二人の私と今

サンドリヨン

「私」と「私」と私

私の中には2人の私がいる。


1人は恋人が欲しいと願っている、温厚でロマンチストな私。私は、休日に恋人とデートをして、2人で笑いあったり、朝にはおはようを言って夜にはおやすみを言う。そんな素敵な恋人が欲しいと「私」は願っている。


もう1人は恋人は作らないと願っている、苛烈でリアリストな私。私は平日に懸命に働き、1人で読書をしたり、朝には珈琲を飲んで、夜には、明日の仕事の準備をして寝る。そんな1人の生活が欲しいと「私」は願っている。


二人の仲はとても悪い。


恋人が欲しいと「私」が言う。すると、もう1人の「私」が、ナイフを持って刺しに来る。


恋人なんていらないと「私」が言う。するともう1人の「私」が宥めに来る。


それから数年経った今では私の中には1人の私がいる。


来年に結婚が決まっている、温厚でリアリストな私。周りがどんどんと結婚していき、地元では母親となった同級生に出会う。親からは孫の顔が見たいと言われ、孤独死なんてごめんだと思っている。

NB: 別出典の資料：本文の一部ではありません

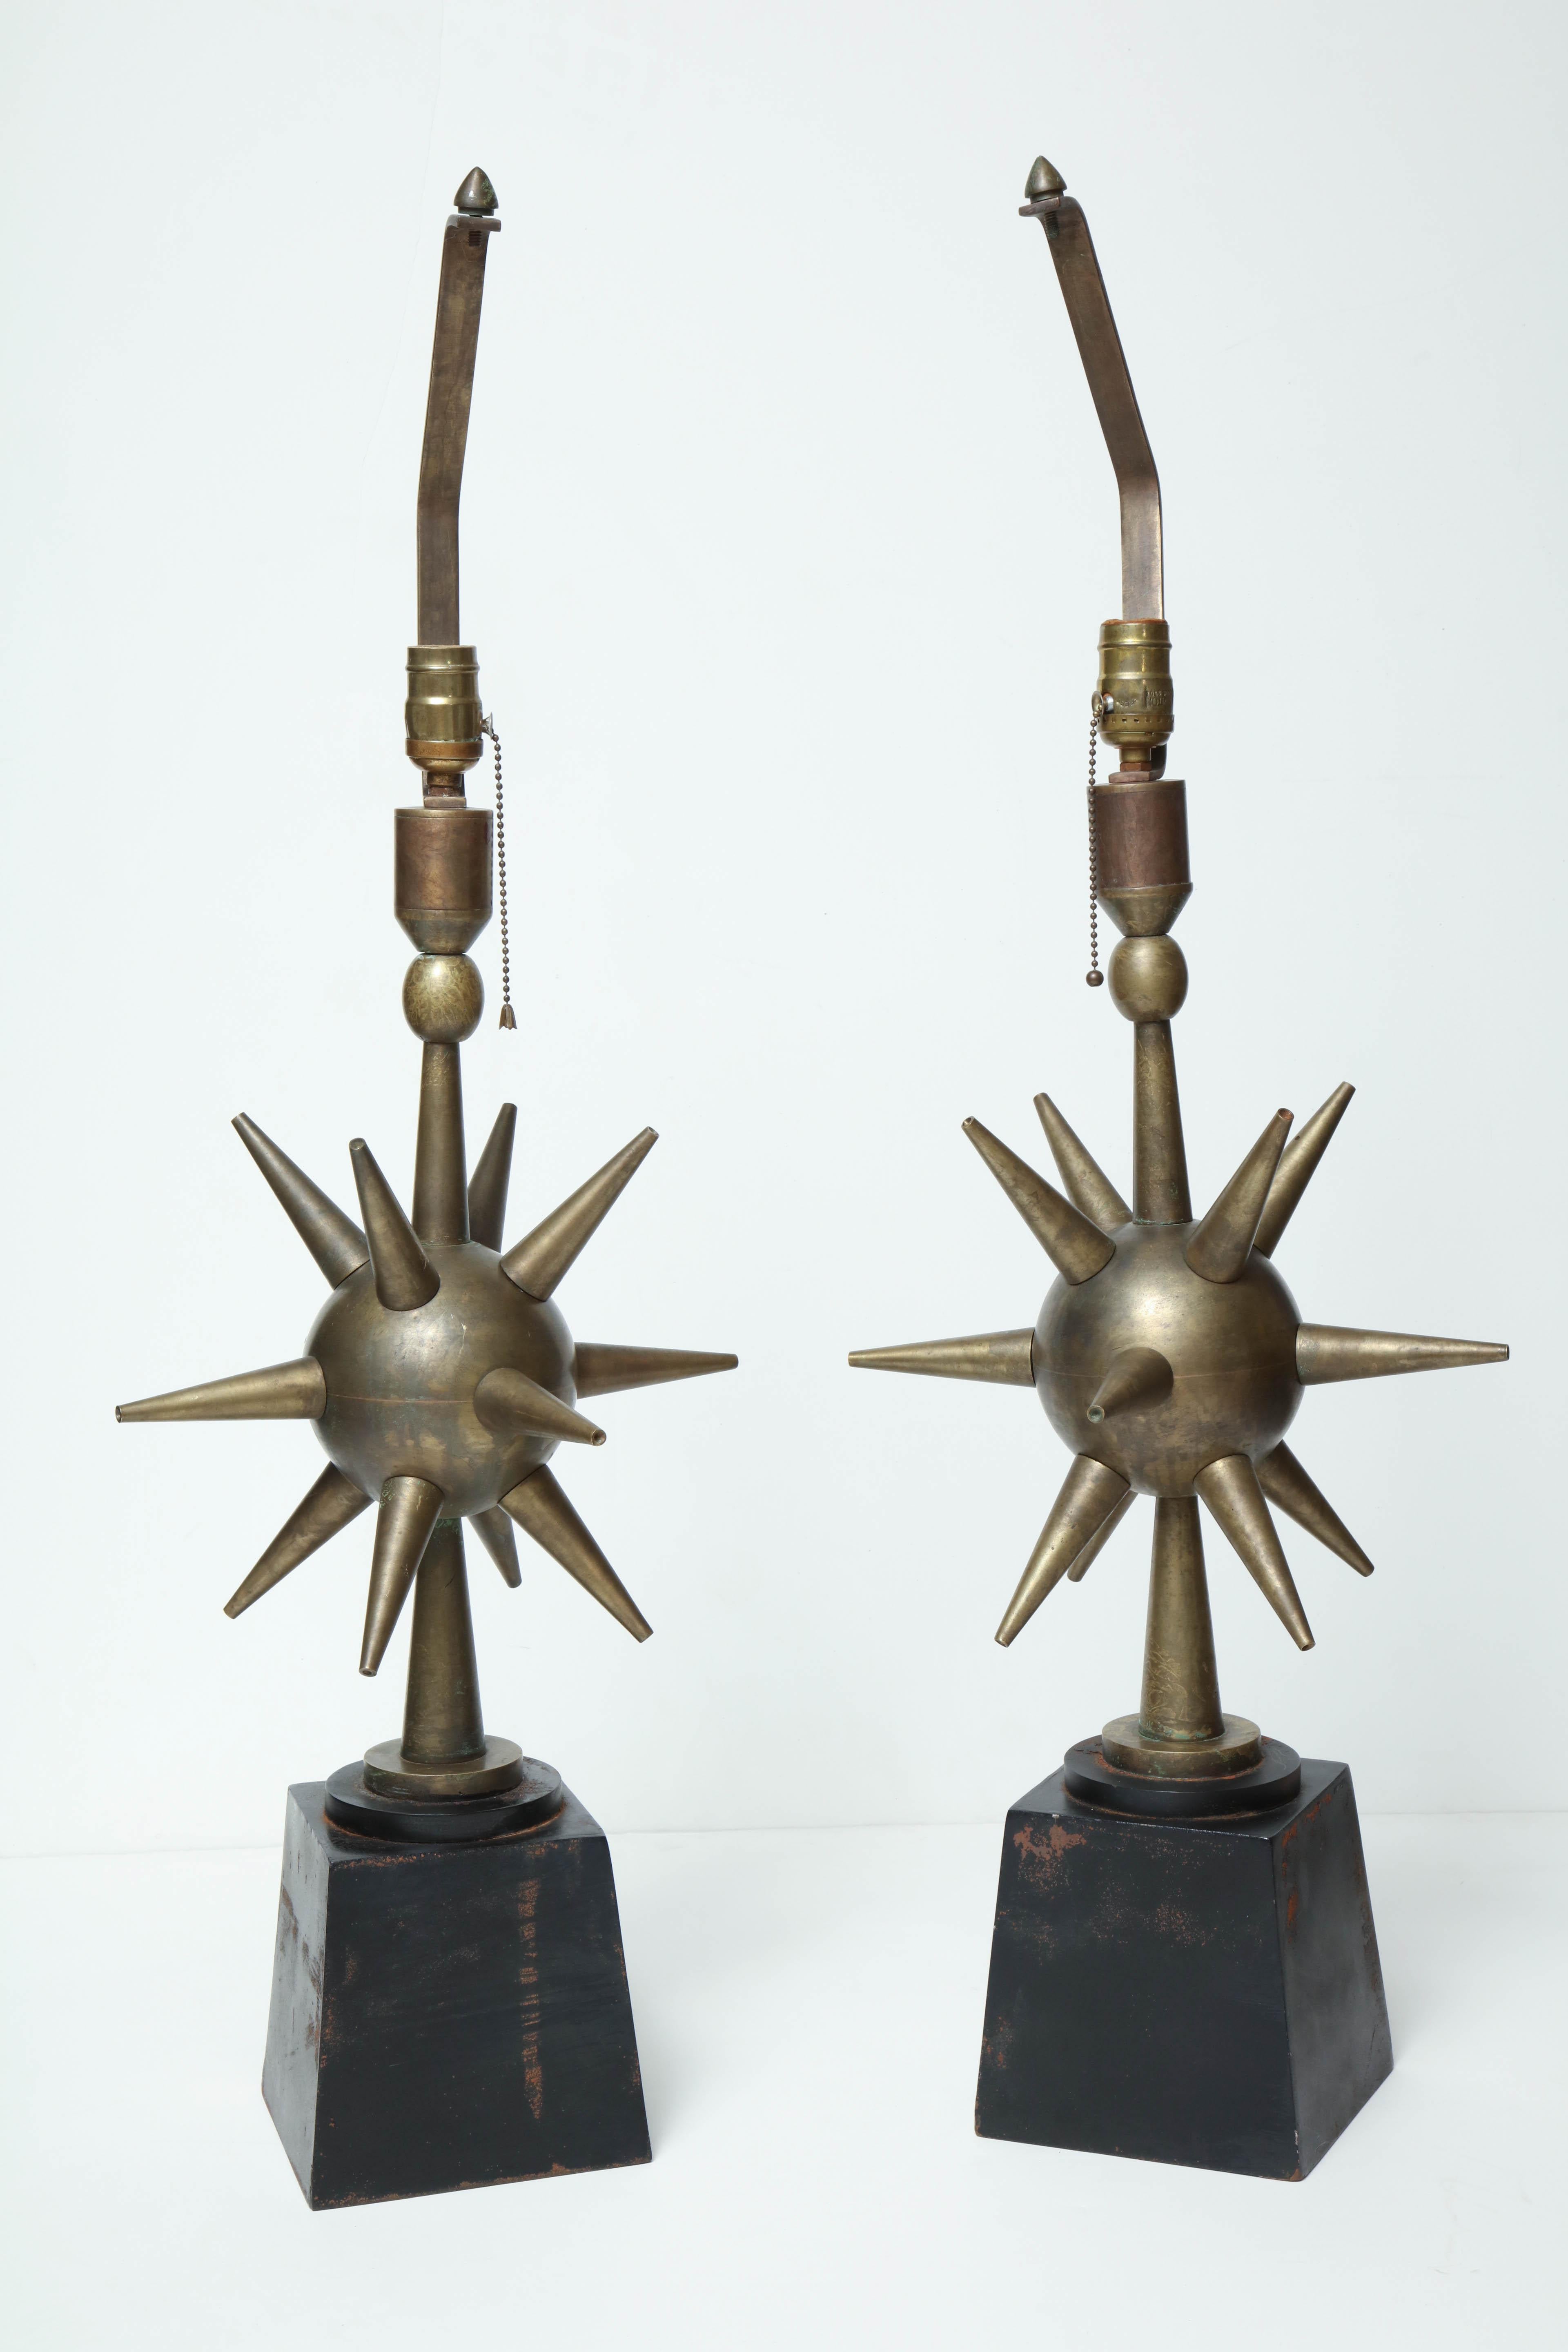 Pair of Mid-Century Modern sphere starburst table lamps, designed in the style of Arturo Pani, Sputnik forms in bronze, raised on tapered bases, painted black.
Good vintage condition, with age appropriate wear and patina.

昔、「私」は恋なんて何が良いか分からない、と言っていた。浅ましく、醜く、嫌らしい。少女が女になる。そんな気持ち悪い瞬間を何度も見てきたと。


「私」は私に殺され、もう1人の「私」も私に殺され、夢想に殺され、現実に殺された。


恋人を作るくらいなら、結婚をするくらいなら死にたかった私は死ねずに、あの頃の楽しかった夢想を捨て、あの頃の楽しかった現実を捨て、今の悲しい現実を、悲しい夢想を生きるしかない。


あのとき殺したロマンチストな「私」を、あのとき殺したリアリストな「私」を今の私だけが覚えている。